Ее заглушали аплодисменты.
– И впрямь, – сказал Стентон.
– Спасибо! Спасибо вам! – сказала Сантос и поклонилась залу, молитвенно сложив руки. Минуты шли, аплодисменты не смолкали. Наконец Стентон снова призвал к тишине.
– И когда вы приступаете к этой программе? – спросил он.
– Не откладывай на завтра, – ответила она. Вдавила кнопку камеры – и на гигантском экране появилась картинка. Зрители очень отчетливо разглядели себя и одобрительно заорали. – Для меня история начинается сегодня, Том, – сказала Сантос. – И я надеюсь, что вскоре она начнется для прочих избранных лидеров этой страны – и всех демократических государств.
Она поклонилась, опять сложила руки и зашагала со сцены.
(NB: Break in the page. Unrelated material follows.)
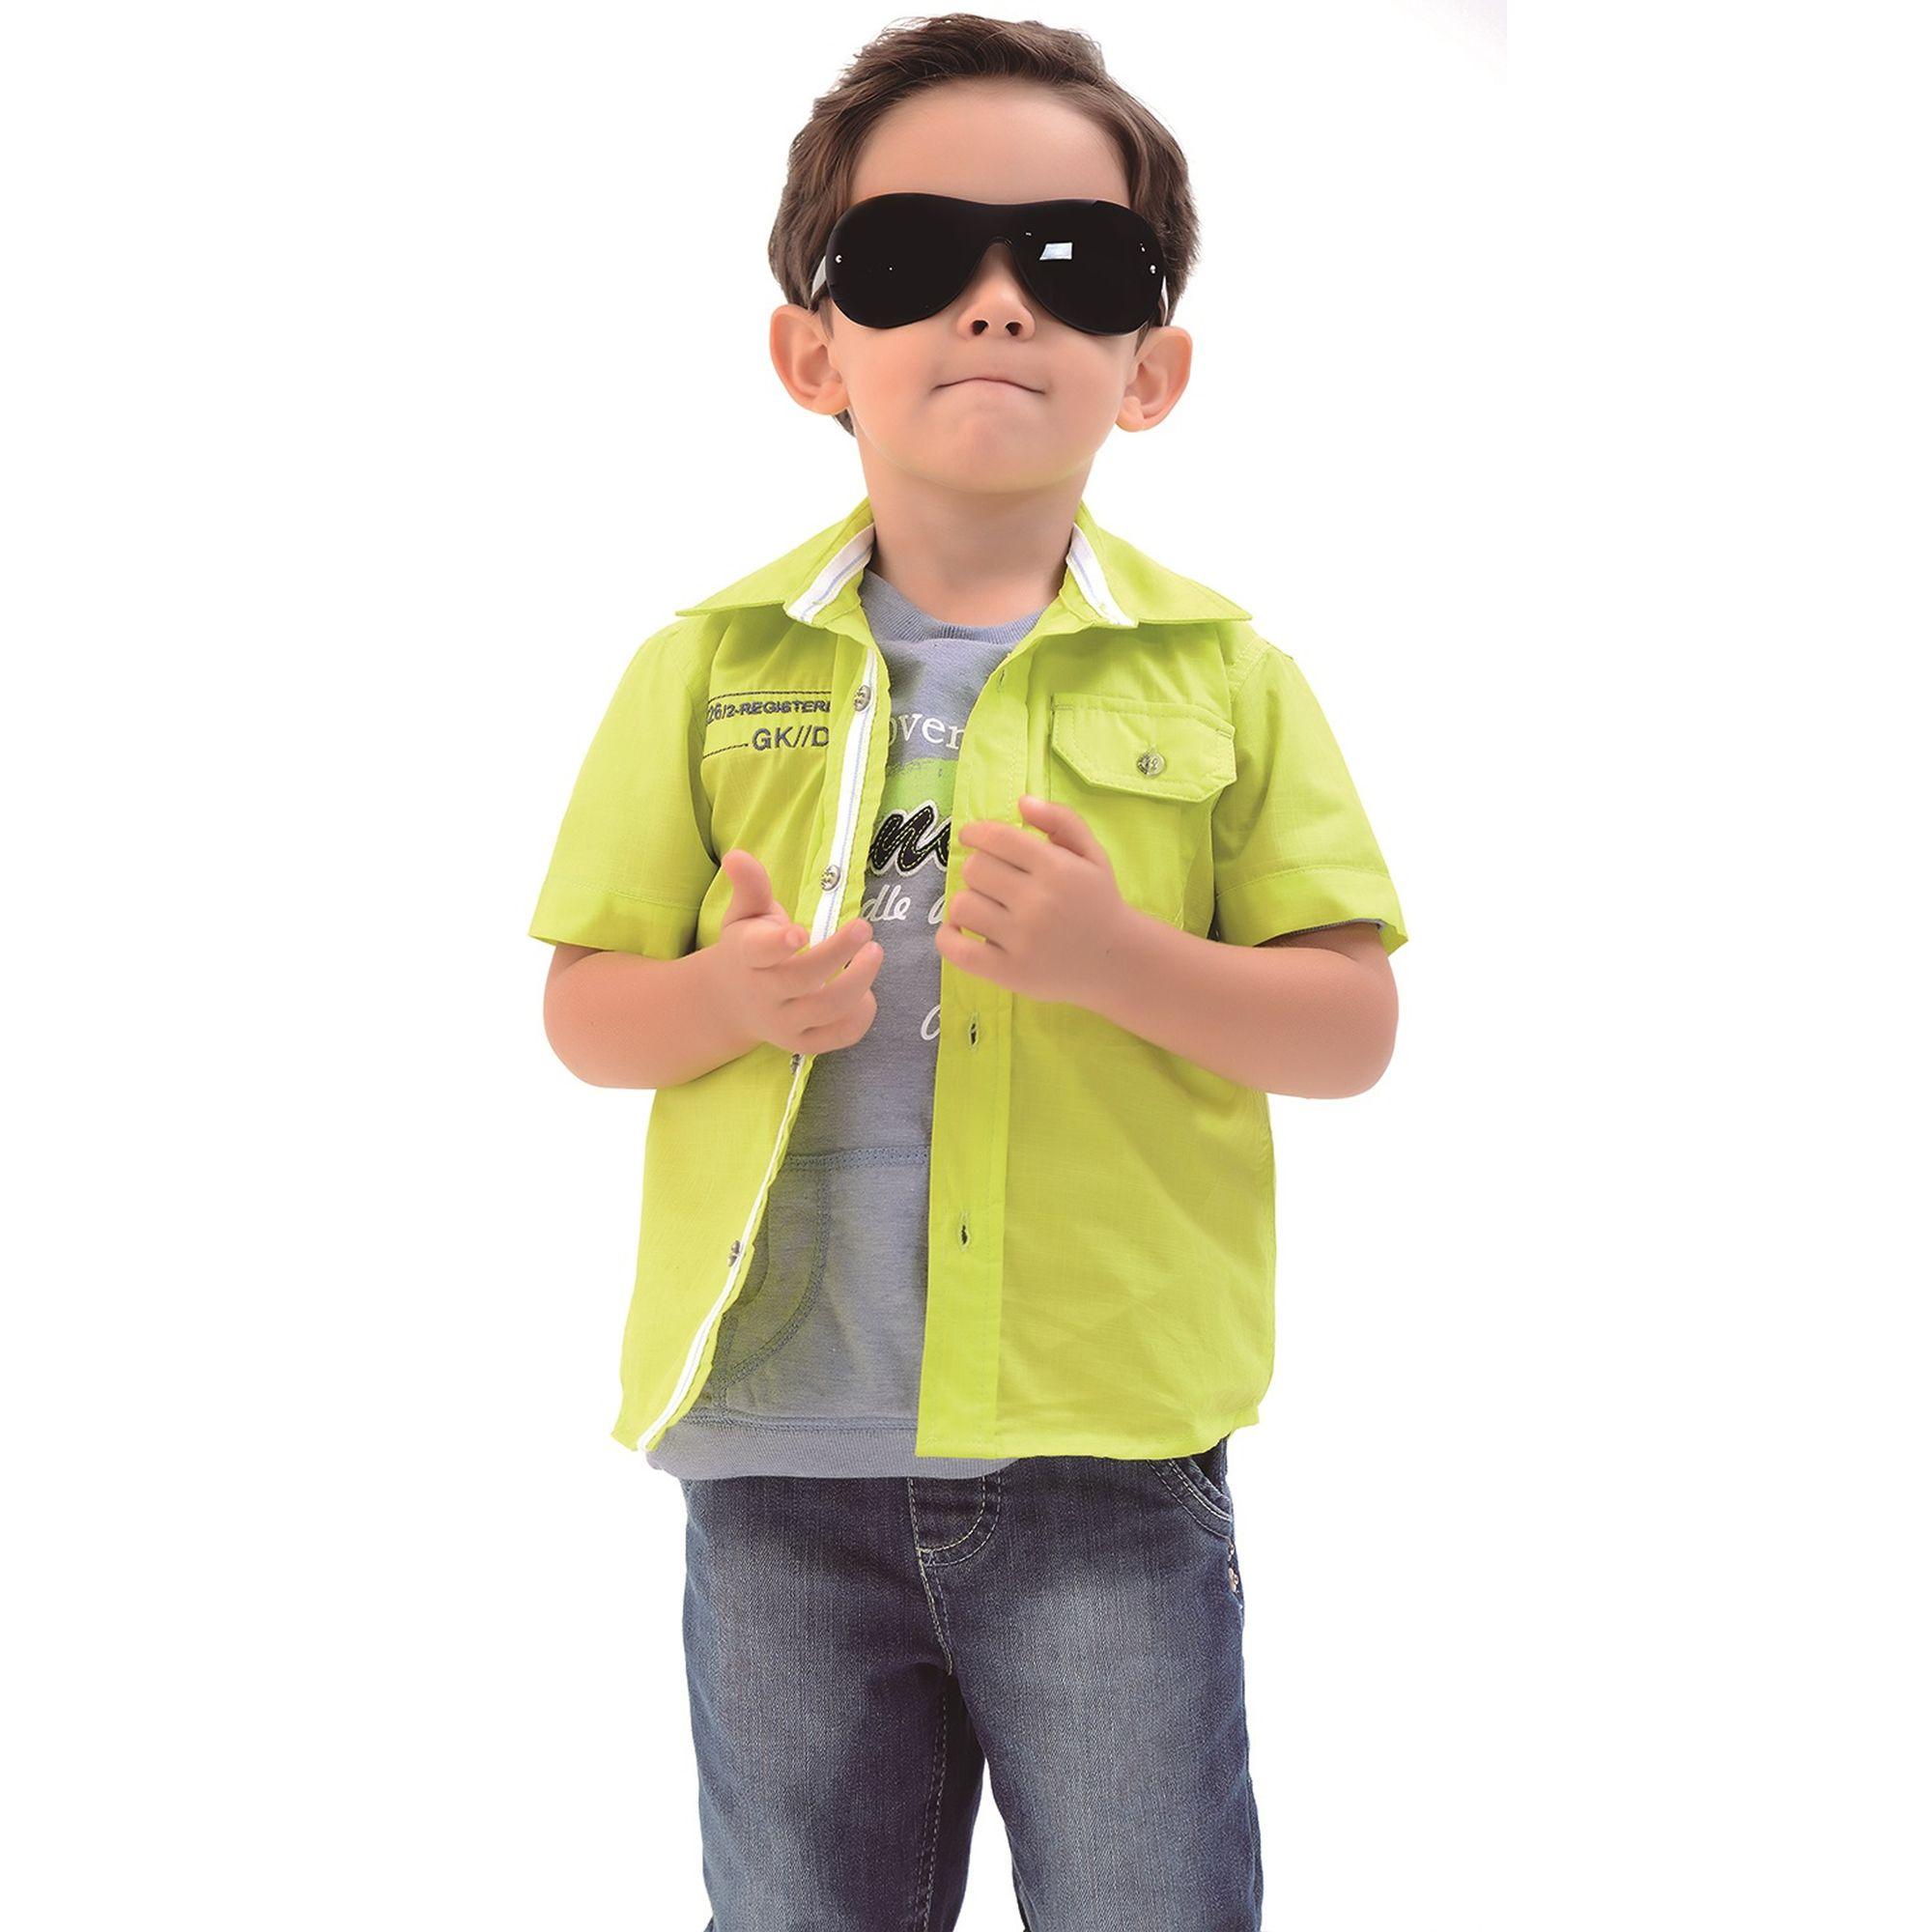 952d64a1f5 Conjunto Infantil Menino Camisa Cítrica e Bermuda Jeans - Roupas Infantil  EcaMeleca Kids - EcaMeleca

У левых кулис остановилась:
– Туда мне не надо – слишком темно. Я лучше сюда.
Вспыхнули люстры, и она ступила со сцены под яркий свет, а в зале внезапно проступили тысячи людей, и все они ликовали. Сантос шла по проходу, и к ней тянулись руки, и улыбчивые лица говорили ей спасибо вам, спасибо, вперед – мы хотим гордиться вами.
* * *
Вечером в «Колонии» в честь члена конгресса Сантос устроили прием, где ее по-прежнему осаждали новообретенные поклонники. Мэй думала было подобраться ближе и пожать ей руку, но увы – толпа весь вечер окружала Сантос в пять рядов. Мэй у фуршетного стола жевала какую-то рубленую свинину, которую производили в кампусе, и ждала Энни. Та сказала, что постарается вырваться, но у нее сроки поджимают, она что-то готовит к слушаниям в Евросоюзе.
– Опять из-за налогов канючат, – пояснила она.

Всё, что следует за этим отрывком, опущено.